Dieses System konnte sich vor allem deshalb so rigoros in Bordeaux durchsetzen, da die Nachfrage nach den besten Weinen (der Cru Classé 1855 und die bekannten Weine aus Saint Emilion und Pomerol) zumeist deutlich größer ist als das Angebot und die Besitzer der Chateaus somit die Verhandlungsmacht in den Händen halten. Für die Chateaus in Bordeaux ist es bedeutend einfacher und günstiger, die Weine in Subskription zu verkaufen und dann zum Zeitpunkt der Abfüllung direkt komplett auszuliefern.

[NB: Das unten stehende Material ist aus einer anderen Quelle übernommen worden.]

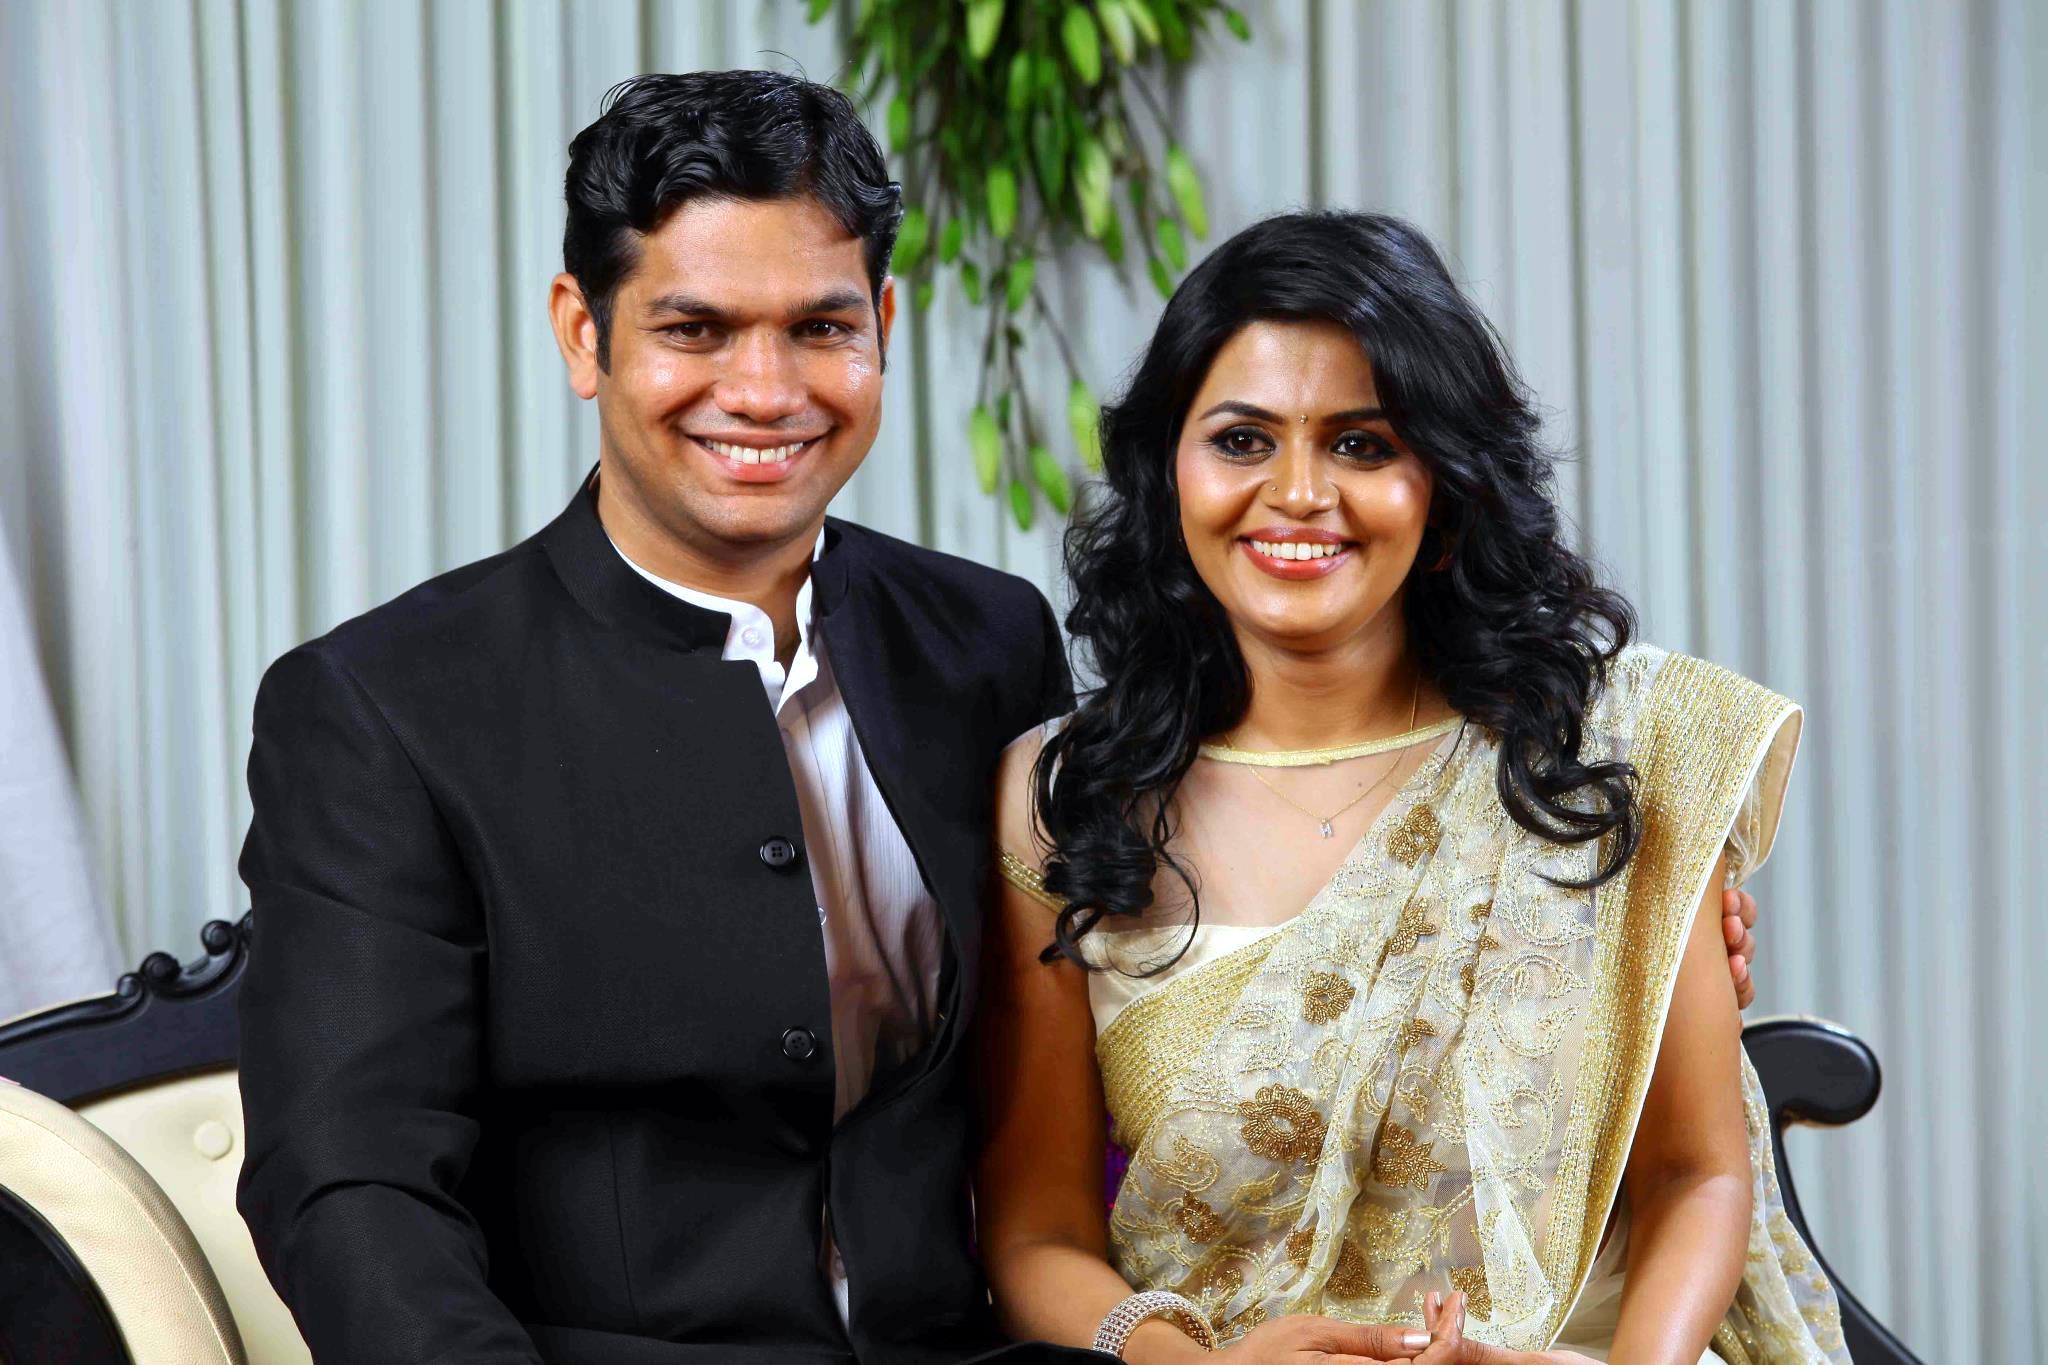 829hibi eden marriage photos

Heute ist der Subskriptionsverkauf in Bordeaux nicht mehr wegzudenken und viele namenhafte Verkoster wie Robert Parker und Neil Martin (The Wine Advocate), Antonio Galloni, James Moleswirt (The winespectator), Jancis Robinson, James Suckling und Rene Gabriel tragen durch ihre ausführliche Berichterstattung im Frühjahr nach der Ernte weiter dazu bei, dass die Bordeaux Jahrgänge schon weit vor der Abfüllung in aller Munde sind.